=== What to do ===
Your output should be the lines from the one containing "20190330-Lübeck-323.jpg" through the last line below, both ends included, exactly as written and free of pictures.

=== Source material ===
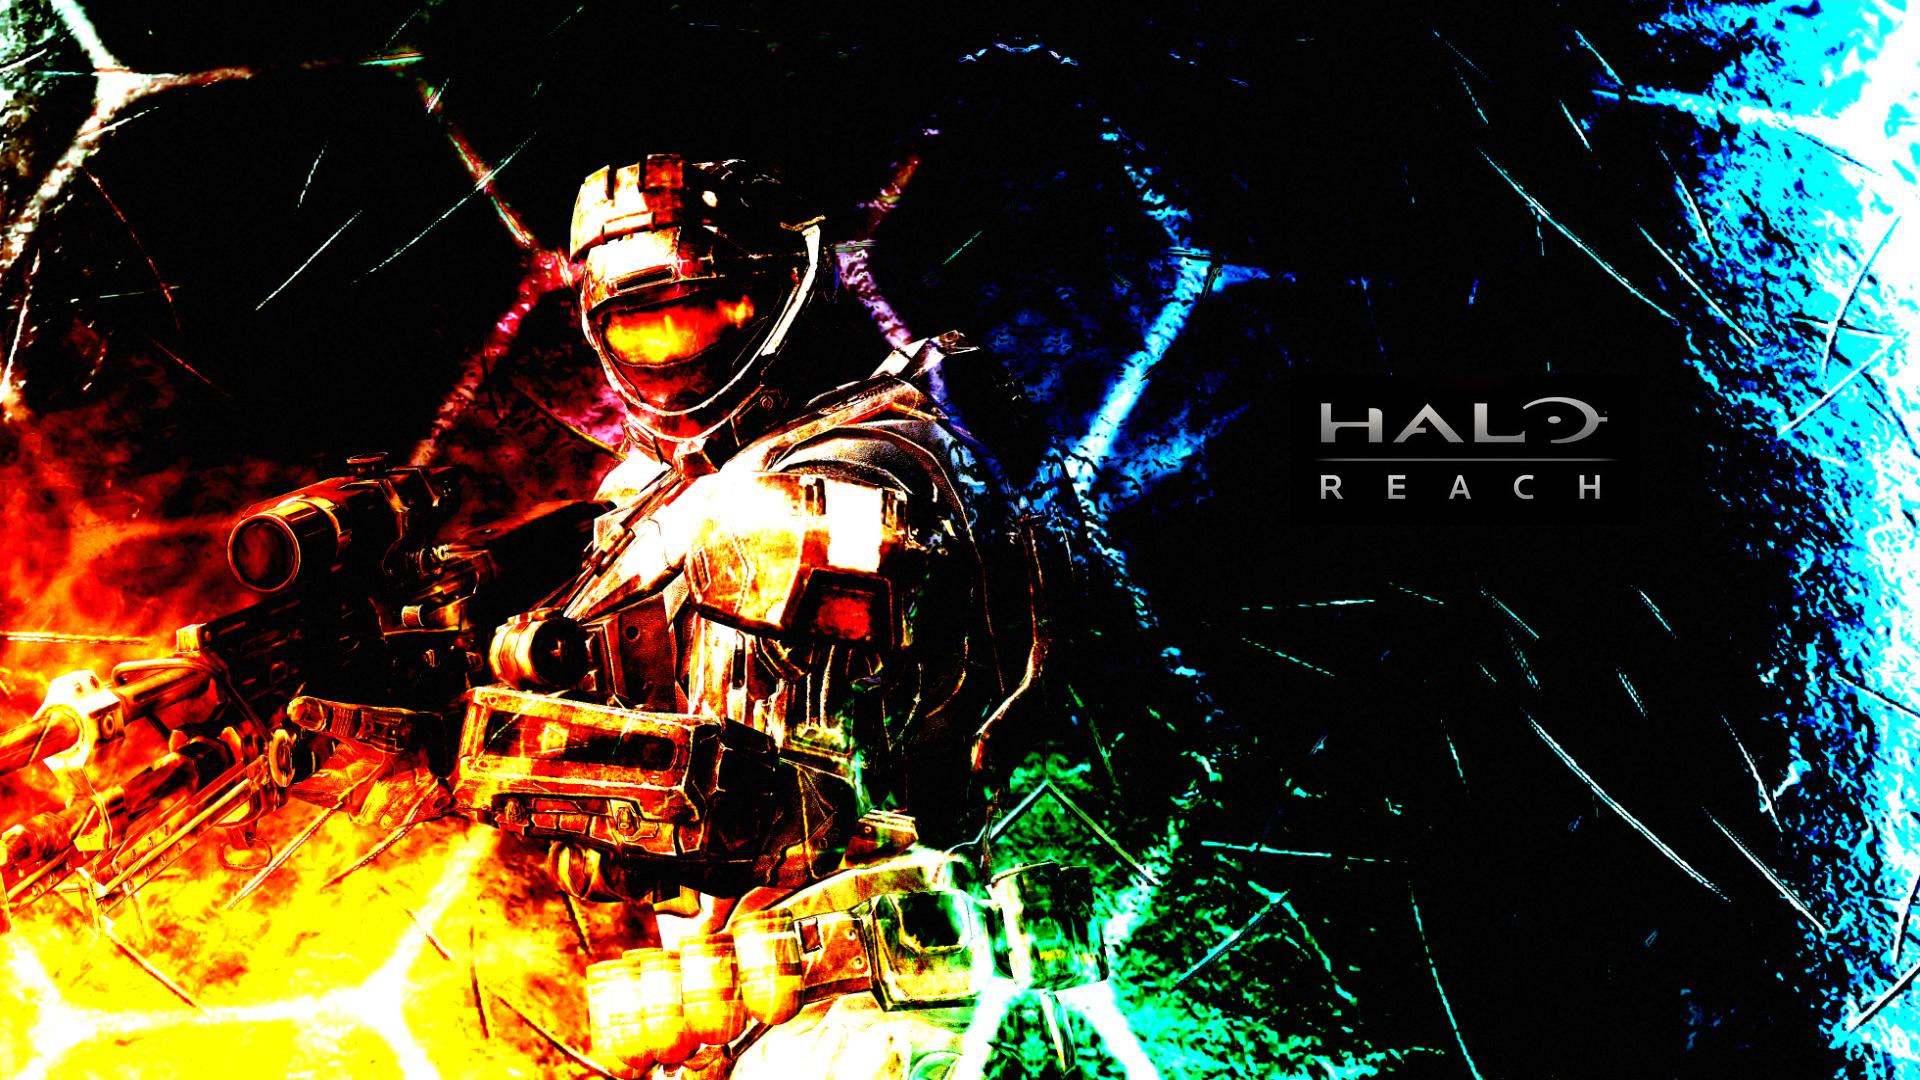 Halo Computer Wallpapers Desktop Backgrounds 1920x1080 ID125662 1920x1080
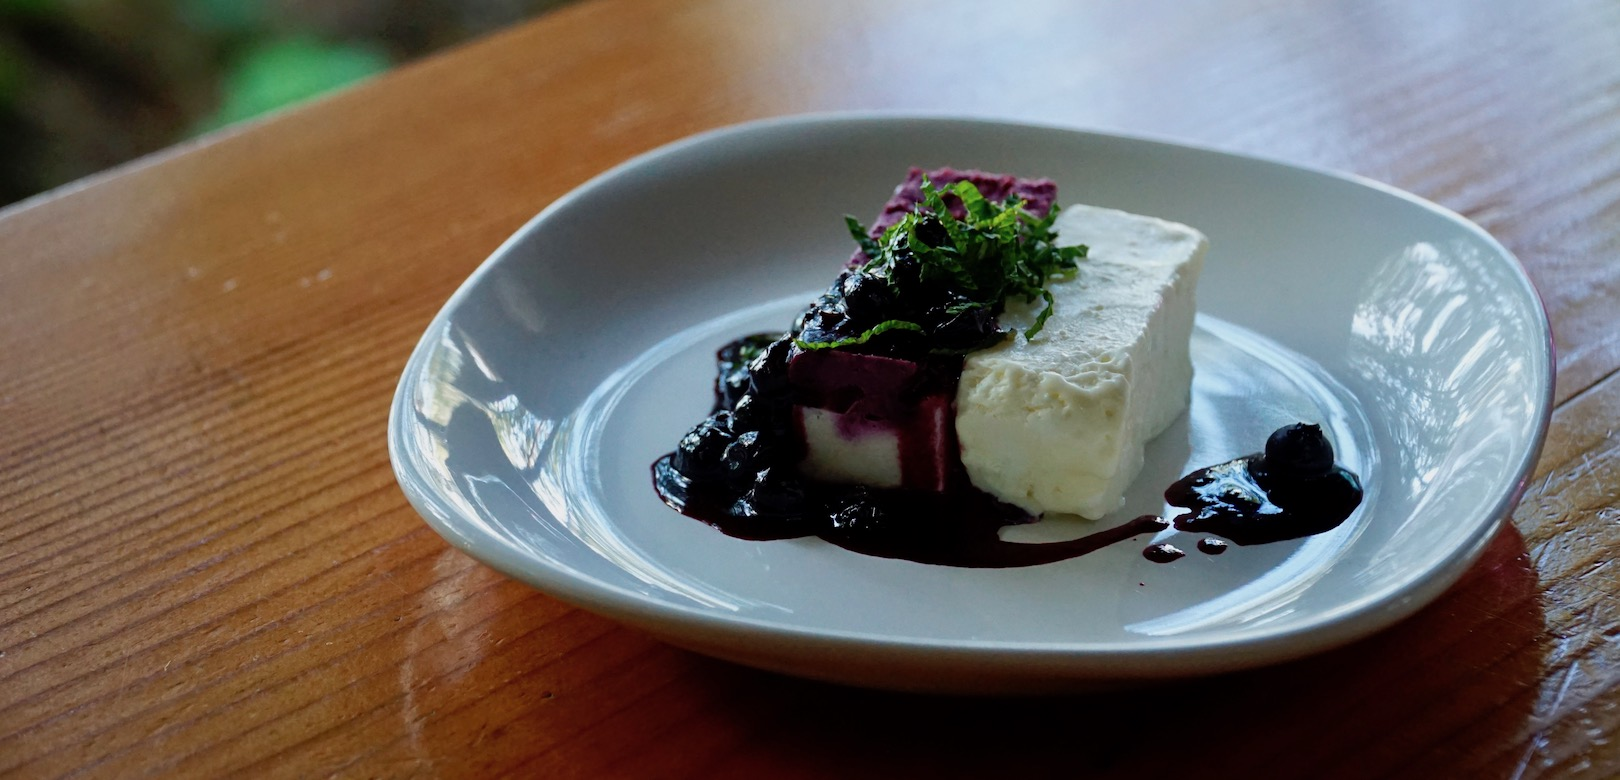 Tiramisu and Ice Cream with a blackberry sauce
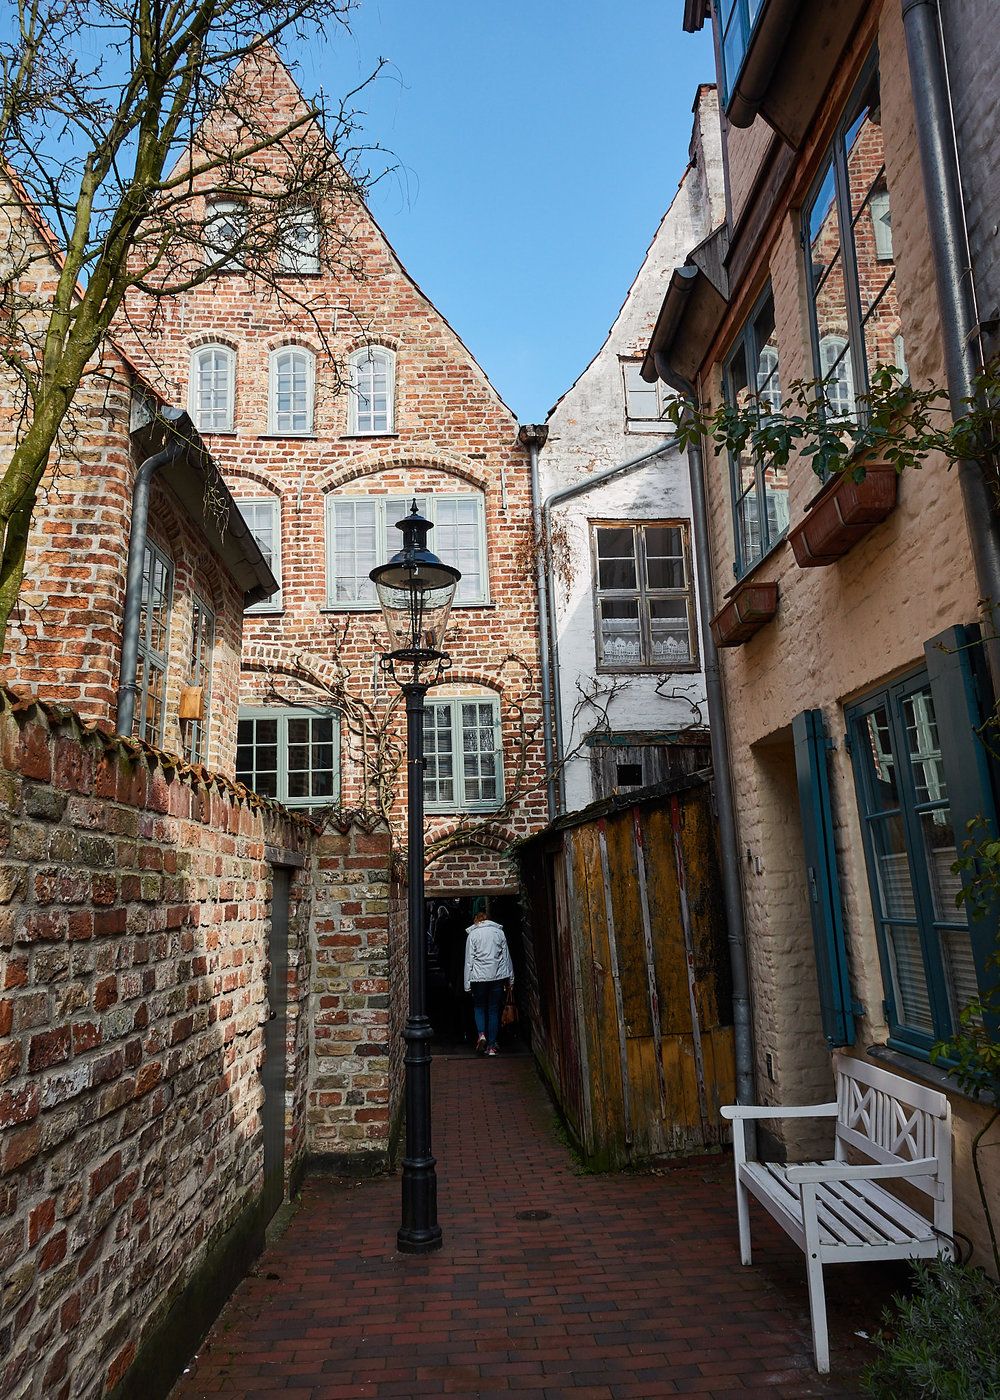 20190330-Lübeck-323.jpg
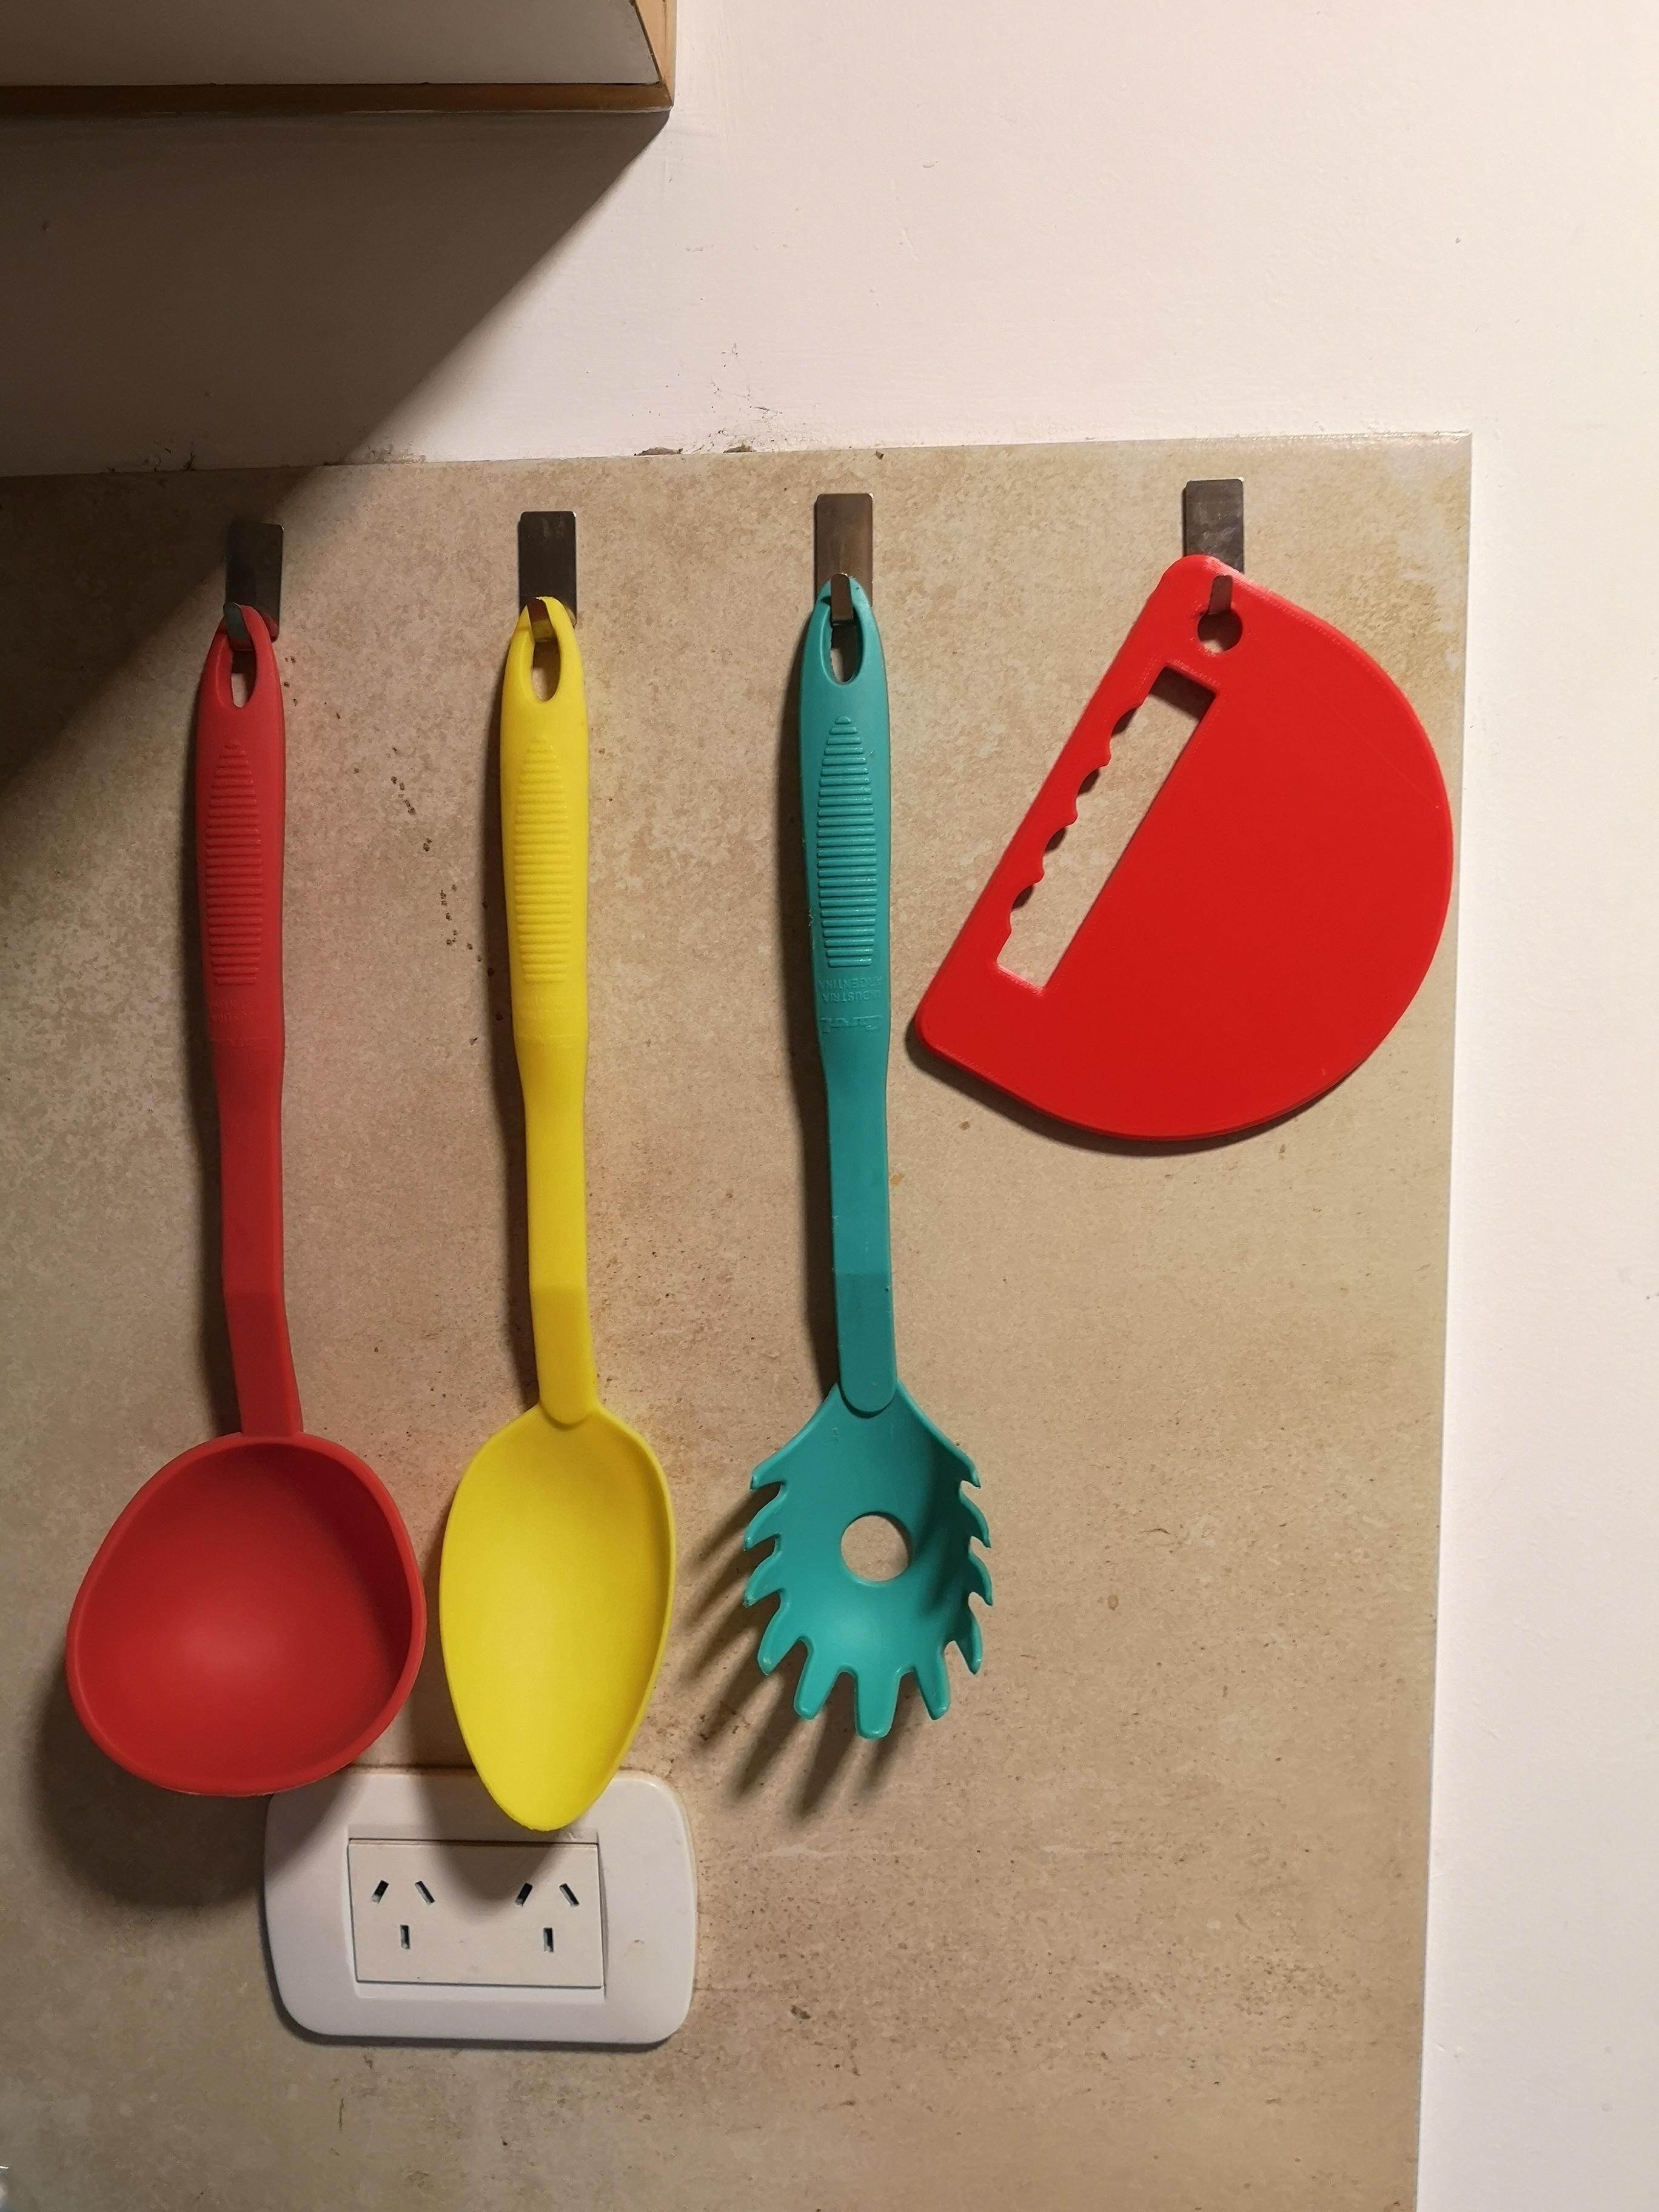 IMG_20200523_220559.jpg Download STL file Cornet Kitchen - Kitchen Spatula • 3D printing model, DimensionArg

=== Written answer ===
 20190330-Lübeck-323.jpg
 IMG_20200523_220559.jpg Download STL file Cornet Kitchen - Kitchen Spatula • 3D printing model, DimensionArg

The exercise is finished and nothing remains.